Some market sources are cutting estimates of northeast Asian price forecasts for the upcoming winter to as low as $6.50-$7.50/mn Btu from earlier forecast of above $8.00/mn Btu. Prices for cargoes delivered in September are now priced around $4.70/mn Btu. An increase in coal-powered capacity of over 10 GW in Japan over the next few weeks has further weighed on bearish Asian sentiment.
But if demand is sharply down in northeast Asia, there are a few brighter spots in Europe. Spain is seeing higher demand on reduced hydropower output; and in Europe air-conditioning demand is up as the heatwave continues.

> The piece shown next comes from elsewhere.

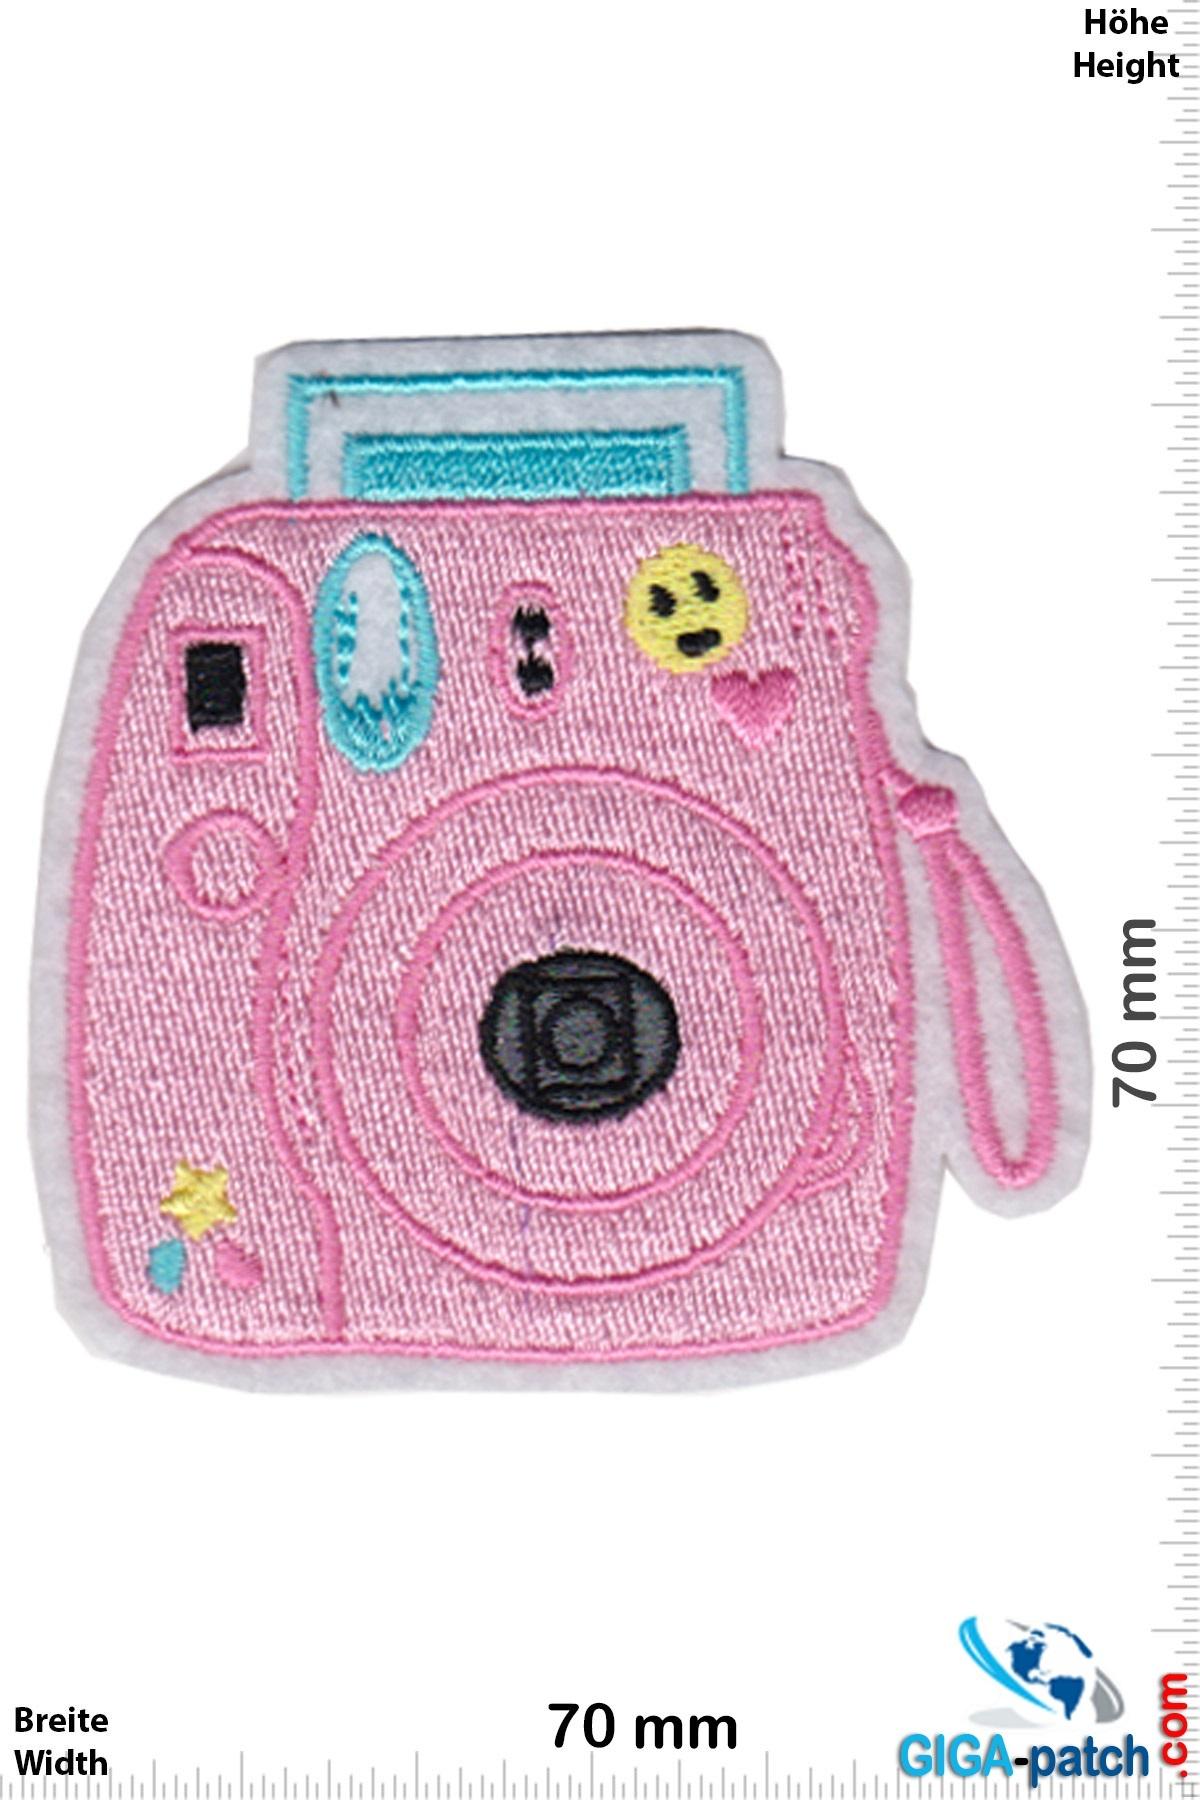 FUJIFILM Sofortbildkamera Instax Mini pink

In the UK, gas demand has been higher than normal through most of the second quarter, partly owing to consistently low windspeeds – for the second year in a row – and also the lack of coal use. In that respect, the records have kept tumbling, including a few weeks without coal in June – and heavy nuclear maintenance.
German coal use is also sharply down in power generation, making room for more gas, although gains were capped by record solar output which supplied almost a fifth –19% of the total – in June.

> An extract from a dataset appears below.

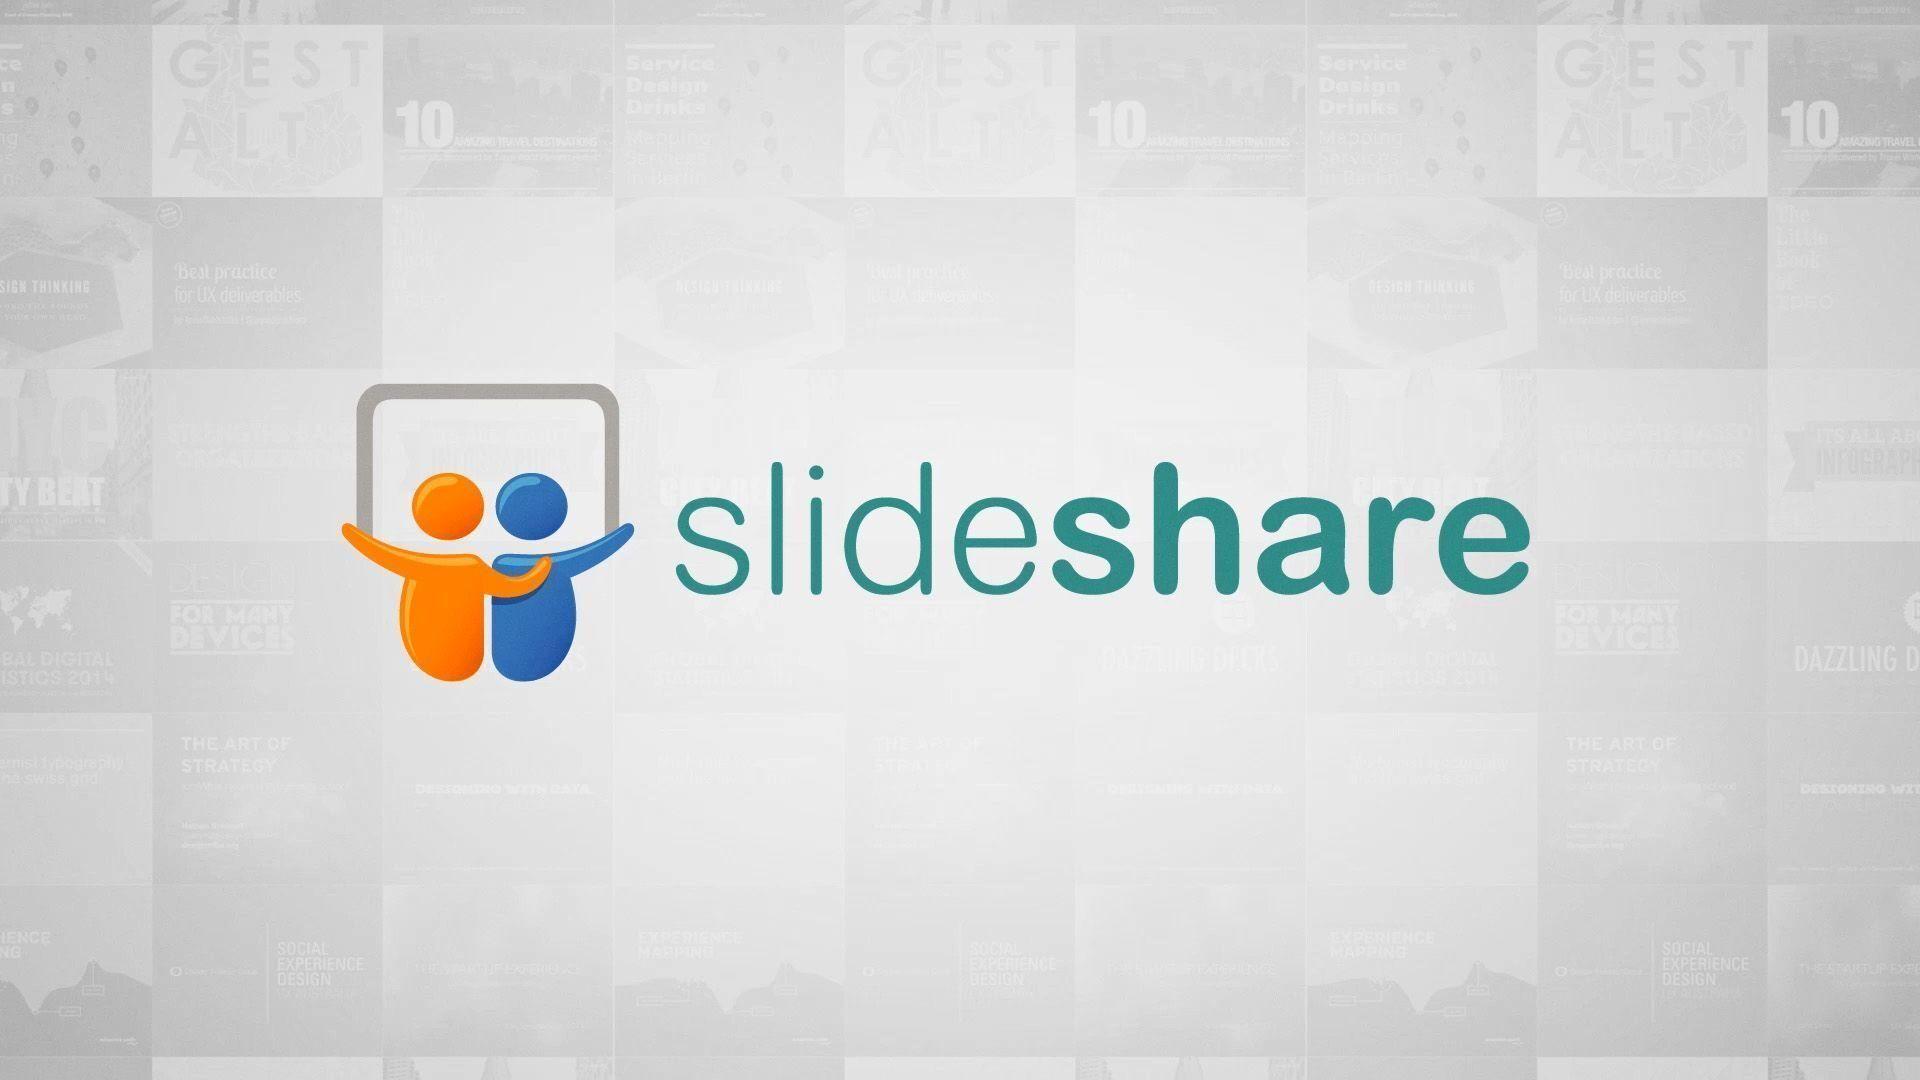 Slideshare como usar da melhor forma – Como ganhar mais visitas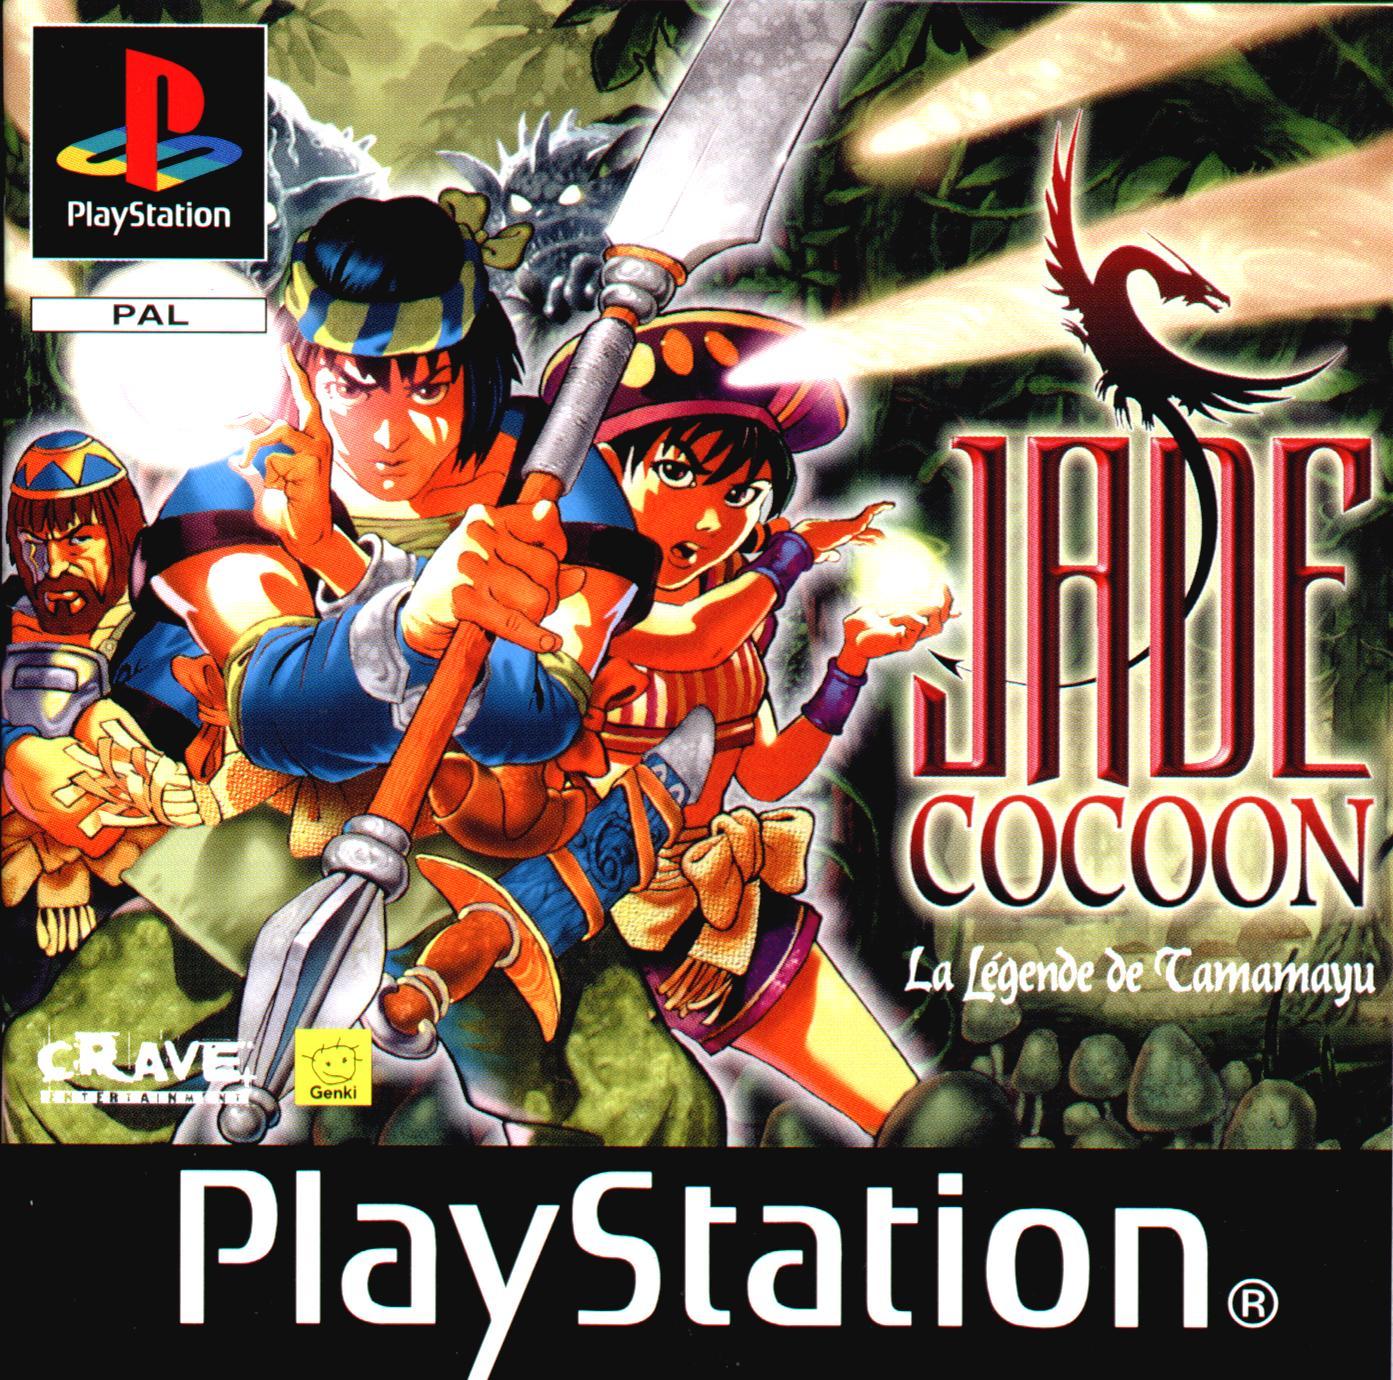 Los mejores RPG  Jade+Coccon

Southeast Asia’s elastic demand
As Asian and European gas prices have weakened, southeast Asia and India – highly price sensitive markets – have shown a growing interest in LNG imports. The lower prices may even mean that some extensive coal capacity expansion plans are rolled back.
“Gas is currently gaining in popularity… Mostly pipelines, power plants and LNG energy import terminals. Price is the number one reason for this increase in demand and financing, plus the fact it’s a cleaner fuel,” said the head of Asian Development Bank’s energy section, Yongping Zhai.
“For example, a country like Sri Lanka, which had never considered gas before, is now looking at an LNG import terminal. And Philippines, they have realised it is affordable. LNG was considered an option years ago, but it never took off due to Asian premium on prices; now it’s possible,” he said.
Thailand has recently raised the percentage of gas it is targeting in 2025 to over 50%, at the expense of coal, which is now seen at just 13% in 2025. Similarly, Vietnam, Malaysia, Philippines and Bangladesh all plan coal expansions that could become less competitive relative to gas given the lower prices.
India could provide a more significant boost to demand, but it could be bigger still if not limited by insufficient regasification, storage facilities and pipeline connectivity. At current prices there are potential opportunities for those with deep pockets to expand gas markets in India.
In China, however, Zhai said demand growth had slowed, reversing a long-term trend: “Gas demand is still rising but there’s not really a big switch from coal to gas in power generation… The gas and power pricing systems mean it doesn’t make sense to generate power with gas in China, apart from a few hours of peaking demand.”